The much-awaited new automobile policy has overlooked the interest of consumers as the government again opposes the import of used cars on a commercial basis, protecting the vehicle assemblers who have been demanding higher prices with no significant addition of new technology.
In the proposed policy, the government has not brought about changes in the existing import rules for used cars and instead decided to plug the loopholes being exploited by the consumers under different import schemes, show official documents.
The Import Policy Order does not allow import of used cars by individuals and businesses. However, expatriate Pakistanis are permitted to bring vehicles up to three years old to Pakistan at reduced duties under the schemes of personal baggage, transfer of residence from abroad and gift to a family member.
Since there is a bar on car imports for personal use, the consumers are misusing these schemes as they find the imported vehicles of better quality than locally assembled cars.
Earlier, there were hopes that the government would allow the import of second hand cars on a commercial basis in a bid to provide consumers with a wider choice, who are forced to buy comparatively expensive locally assembled cars.
The Federal Board of Revenue had also backed the demand aimed at breaking the monopoly of existing auto players.
DESIGN: TALHA KHAN
However, the automobile policy that the Ministry of Industries and Production tabled in a meeting of the Economic Coordination Committee on Wednesday talked about limiting the import of used vehicles.
“The schemes, meant for specific segments of beneficiaries, have been turned into a free-for-all instrument of import with a serious impact on the local industry,” said the policy, suggesting that “these distortions” would be corrected.
According to the policy, the “age limit of three years to be continued in case of cars” and the Ministry of Commerce will define special operating procedures under the Import Policy Order to prevent the misuse of import schemes.
The Engineering Development Board (EDB), a state-owned body said to be looking after the interests of the car lobby, stated, “allowing commercial imports will discourage new investments in the automotive sector and will have a negative impact on existing players.”
It proposed that in case of imports, payment of duties by expatriate Pakistanis should only be accepted through banking channels in an attempt to discourage misuse of the schemes.
The Ministry of Commerce also backed the EDB and the Ministry of Industries, agreeing on the age limit of three years on the import of used cars and pickups.
Similarly, it agreed that trucks and buses may continue to be allowed with the age limit of five years.
According to the policy, the FBR will issue import duty rates for all types of vehicles in US dollars on June 30 of each year.

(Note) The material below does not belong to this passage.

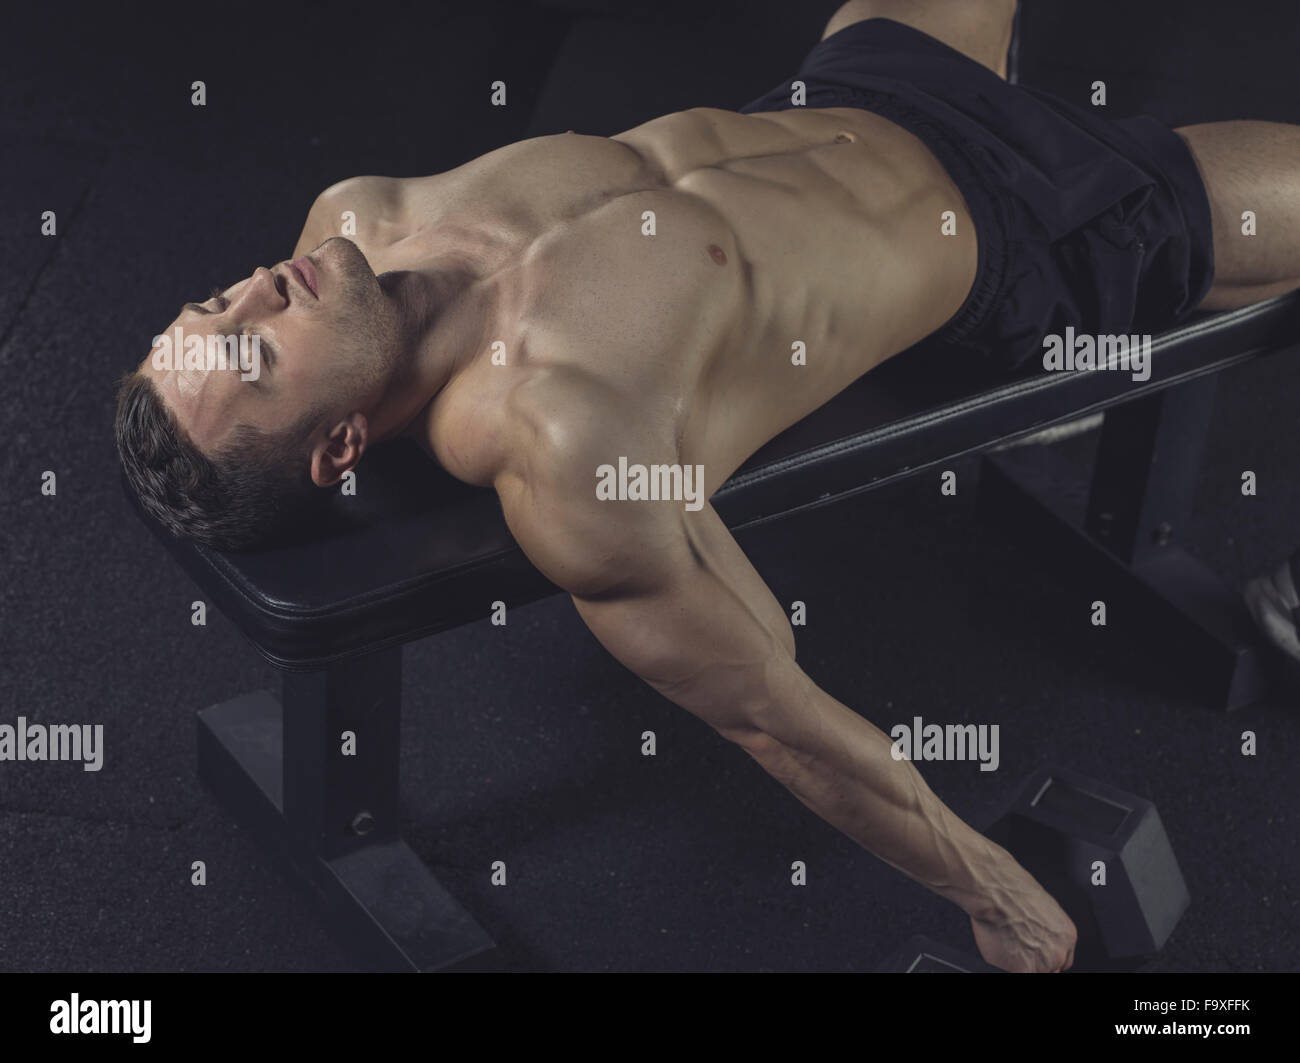 Physical athlete lying on gym machine Stock Photo

Currently, import duties are fixed in US dollars for only up to 1,800cc vehicles of Asian make.
Duties for all other vehicles including the ones made in European and western countries are not fixed due to their huge range and variants.
Until 2011-12, the import of up to five-year-old cars was allowed. However, the Pakistan Peoples Party government reduced the age limit to three years.
In 2011-12, which was the last year for the five-year limit, 57,000 used cars were imported, suggesting consumer dissatisfaction with the kind of vehicles local assemblers were producing.
The number came down to only 29,000 units in fiscal year 2013-14 after the reduction in age limit.
Published in The Express Tribune, August 14th, 2015.